**EXERCISE DIRECTIONS**
Leave every image out, and print the remaining lines below exactly.

**GIVEN MATERIAL**
= Beginning of Section =

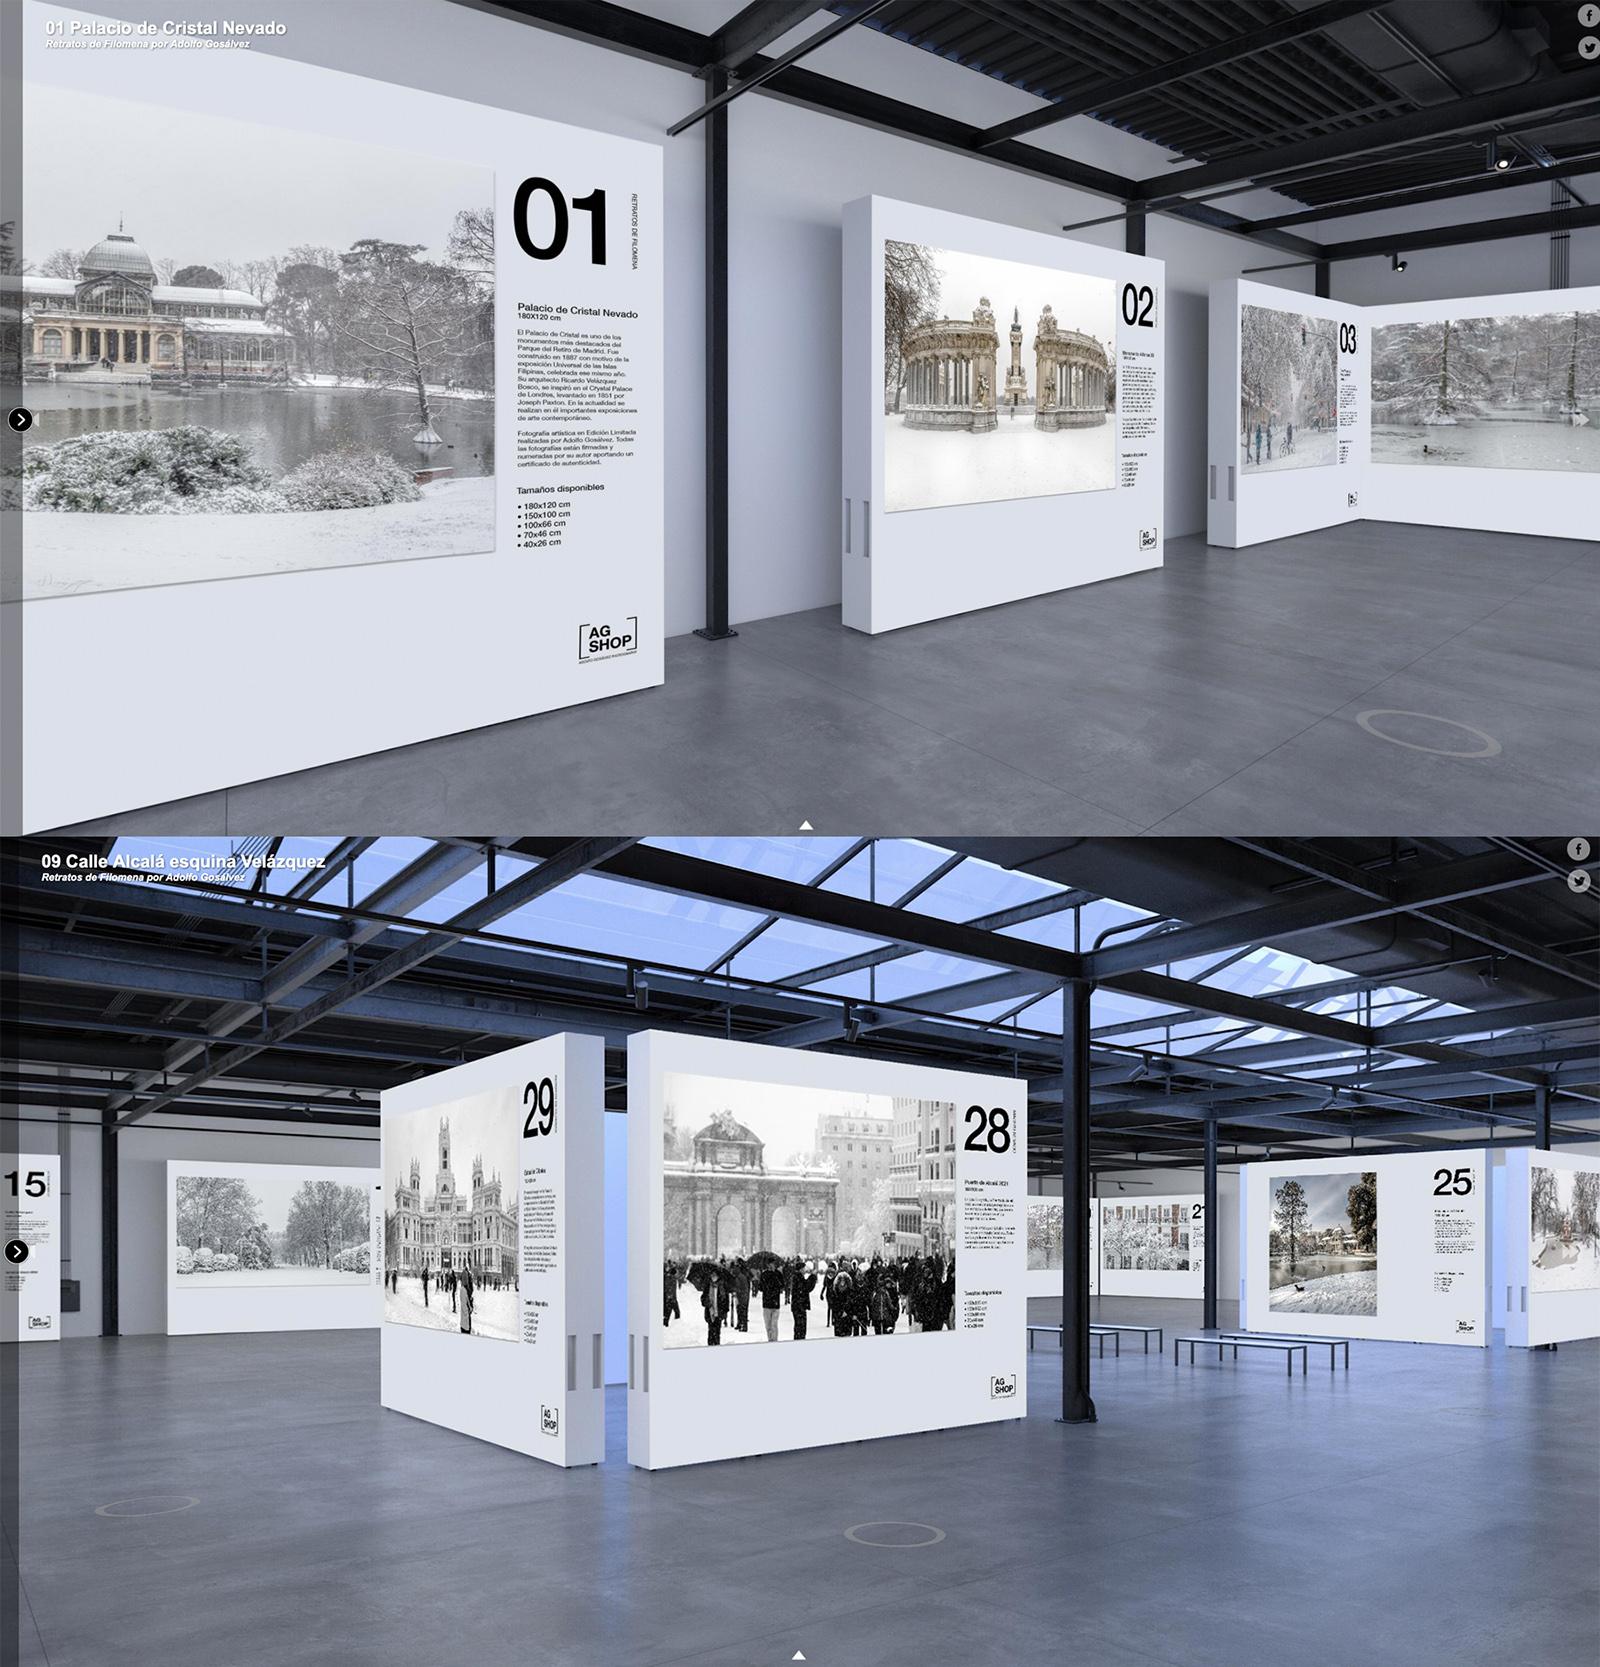 Exposición Virtual 360 de la Gran Nevada Filomena por Adolfo Gosálvez
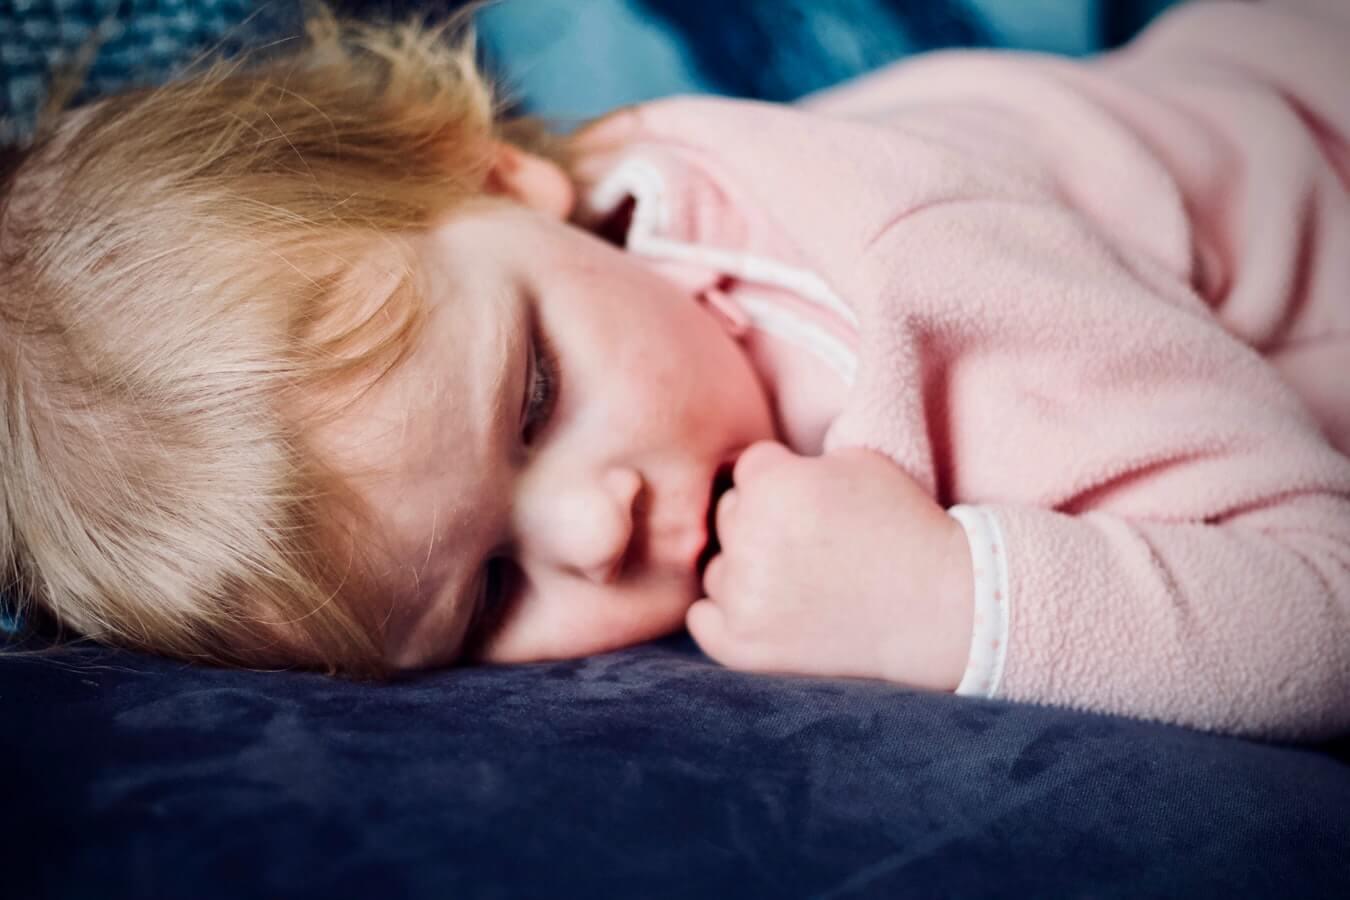 Olvassuk el az anyukák reális tapasztalatait, akik kipróbálták az alvásedzést.
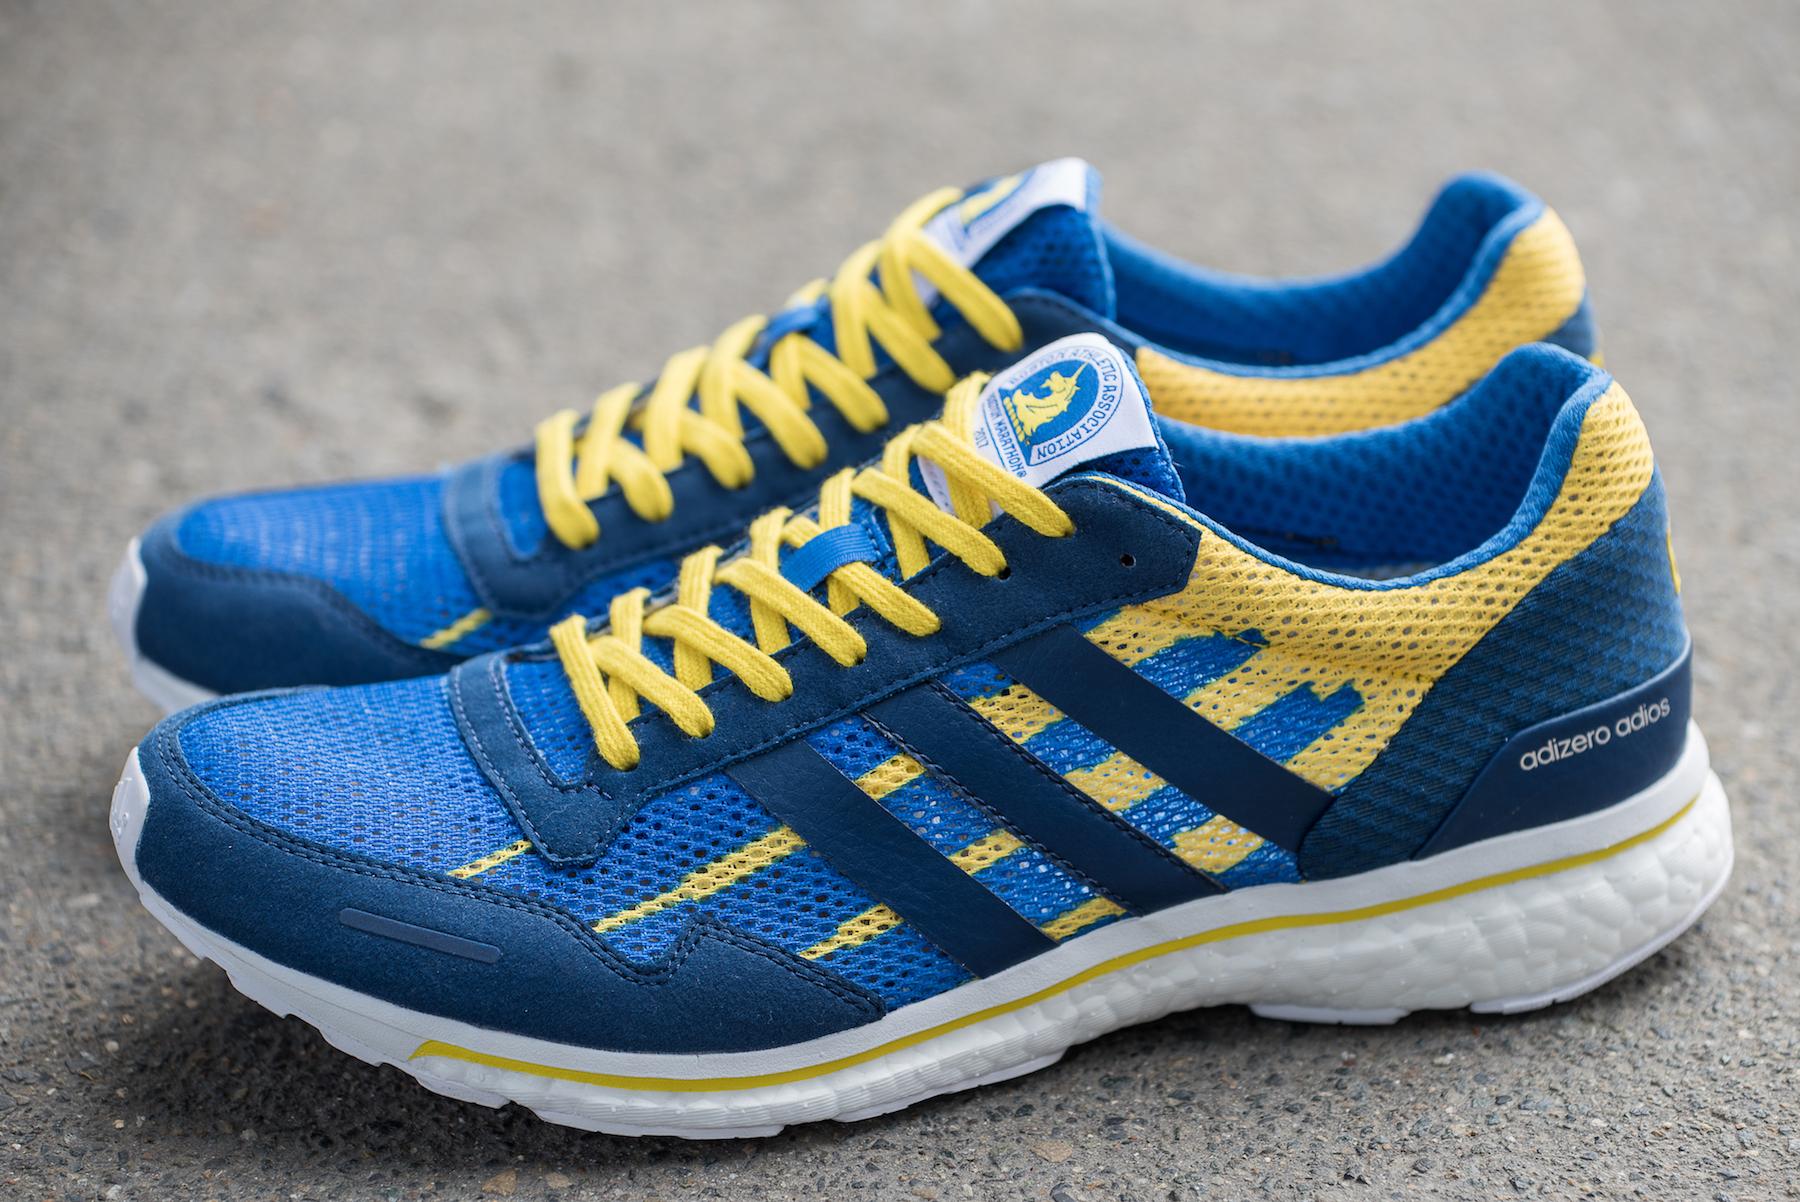 Shoe to Wear for Walking a Marathon

= End of Section =

**SOLUTION TO THIS PROBLEM**
 Exposición Virtual 360 de la Gran Nevada Filomena por Adolfo Gosálvez
 Olvassuk el az anyukák reális tapasztalatait, akik kipróbálták az alvásedzést.
 Shoe to Wear for Walking a Marathon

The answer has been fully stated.